IU needs to focus on becoming more consumer-oriented when it comes to services on this campus. As an incoming graduate student, I have had experience at two other universities and, while neither was perfect, both were far better at providing parking, athletic tickets and student ID cards than IU has been.

Last summer I visited Bloomington twice to find an apartment and to become oriented to the IU experience. While visiting the campus, my greatest challenge was not actually parking, but getting the visitor parking permit. Once I got to parking services, I had to tell them my name and my license plate number, as well as which building I was planning to visit. In exchange for all the information I gave the folks in the office, I had to pay $3 for a visitor parking permit that was good for only one day.

One would think that IU would be interested in welcoming visitors to campus and to make a positive impression to those visitors. The current method of giving out visitor parking permits surely fails this test.

Another place where IU fails to be consumer-oriented, both to visitors and to students alike, is the athletic ticket office. When one of my friends and I decided that we wanted to see one of the upcoming football games, I called the ticket office. One minor hitch — if I wanted to buy student tickets, I had to go to the athletic ticket office. So I went to Assembly Hall and parked my car, only to discover that I had parked on the wrong side of the building.

After walking around the building I entered the north doors looking for the ticket office. The sign indicated that I needed to go to the elevators, but did not say what floor I needed to visit. It turns out the athletic ticket office is located in the basement of Assembly Hall. The elevator doors didn’t open for me when it finally creaked to the basement — I had to press the “Open Door” button.

To top it off, the athletic ticket office held an inquisition that made parking services look like a bunch of amateurs. In order to get two football tickets, I had to supply my name, address, phone number and social security number.
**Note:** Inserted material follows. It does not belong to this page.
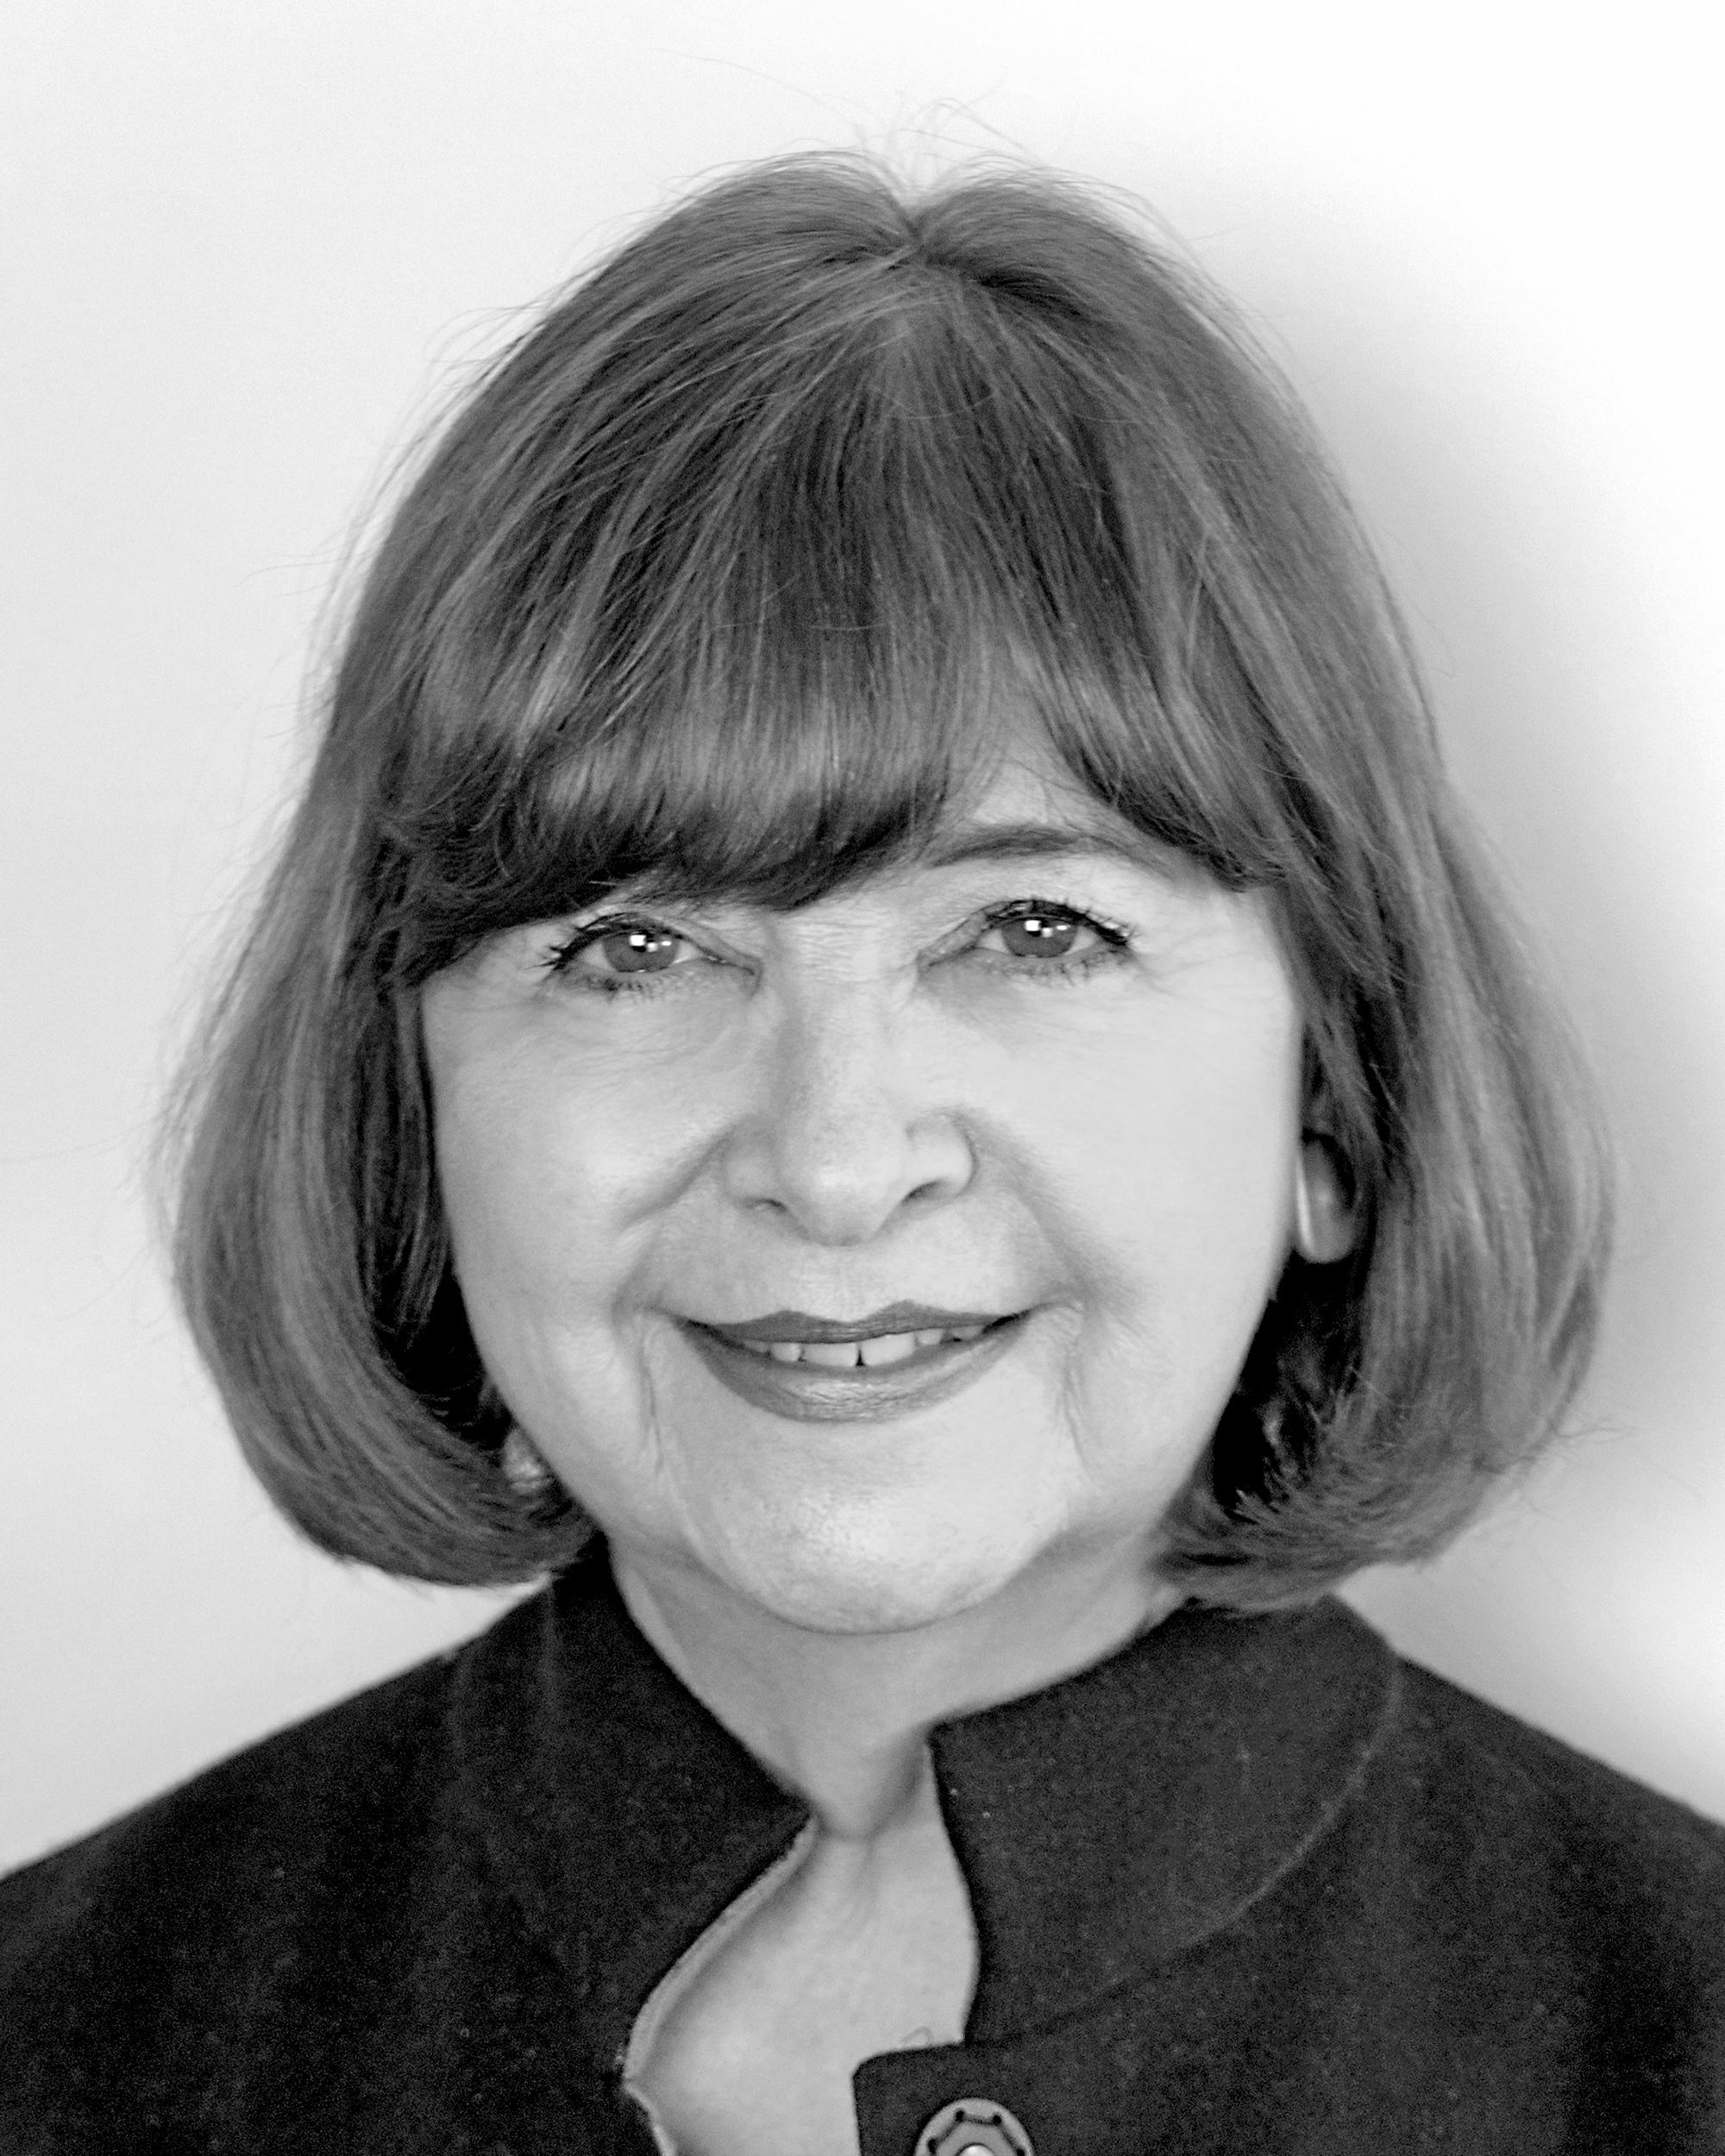 Headshot of Lorraine Bell

I guess it was not enough for me to show my friend’s and my student ID cards.

Why does IU make its students go find some office in the basement of Assembly Hall, when they could sell student tickets in the Indiana Memorial Union? Wouldn’t that make a tremendous amount of sense? Perhaps a one-stop ticket office for all sorts of tickets could be put in the Union, thus making at least that aspect more consumer-friendly for both students and visitors alike.
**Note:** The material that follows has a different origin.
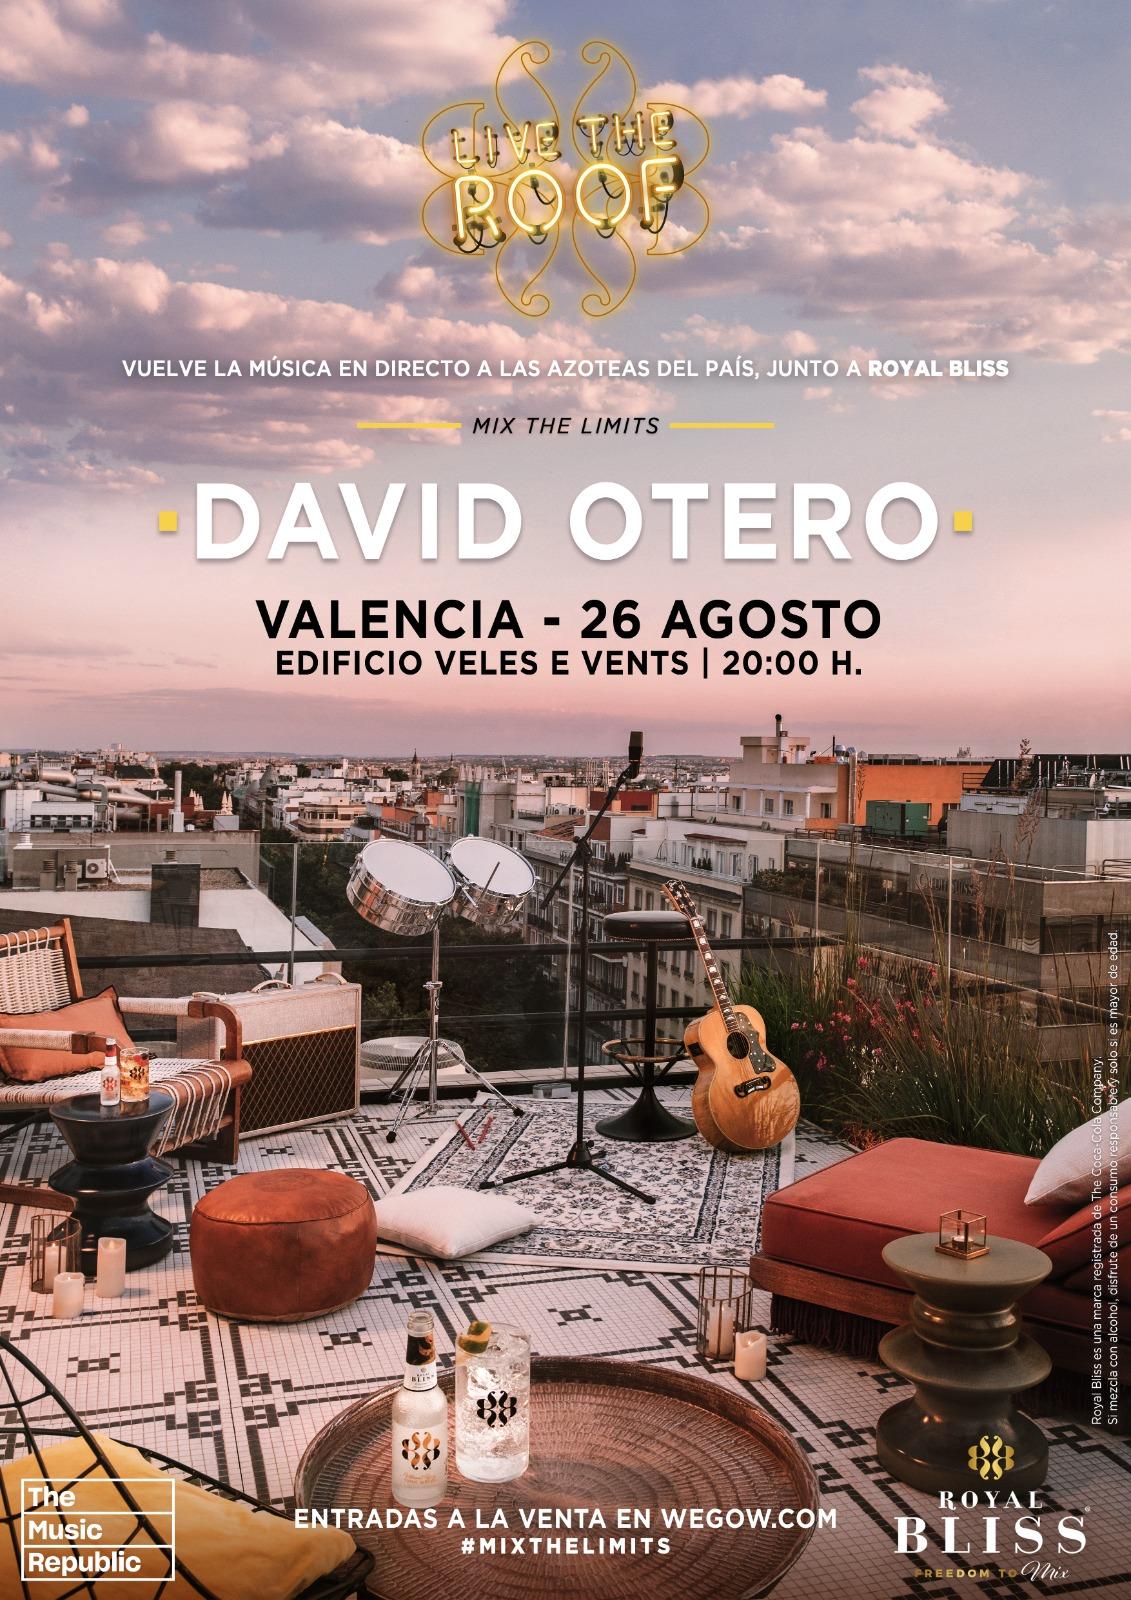 david otero en live the roof valencia 1623915324849408

I could rant and rave about the registration procedures, the worst I have encountered at the three universities I’ve attended, but I will not. Instead I want to say something about the inconvenience of the placement of the registration office vis-a-vis the campus ID office.

As a new graduate student, I got to register in Franklin Hall the Thursday before classes began. My next priority was to obtain my student ID at Ashton Center.

It makes absolutely no sense to put these two offices a mile and a half apart. Well, maybe they’re not quite a mile and a half apart, but it sure is one heck of a long walk on one of those hot and humid days that seem to characterize August in Bloomington.

Please, couldn’t IU at least put these two office in relatively close proximity? Now that would be consumer-friendly.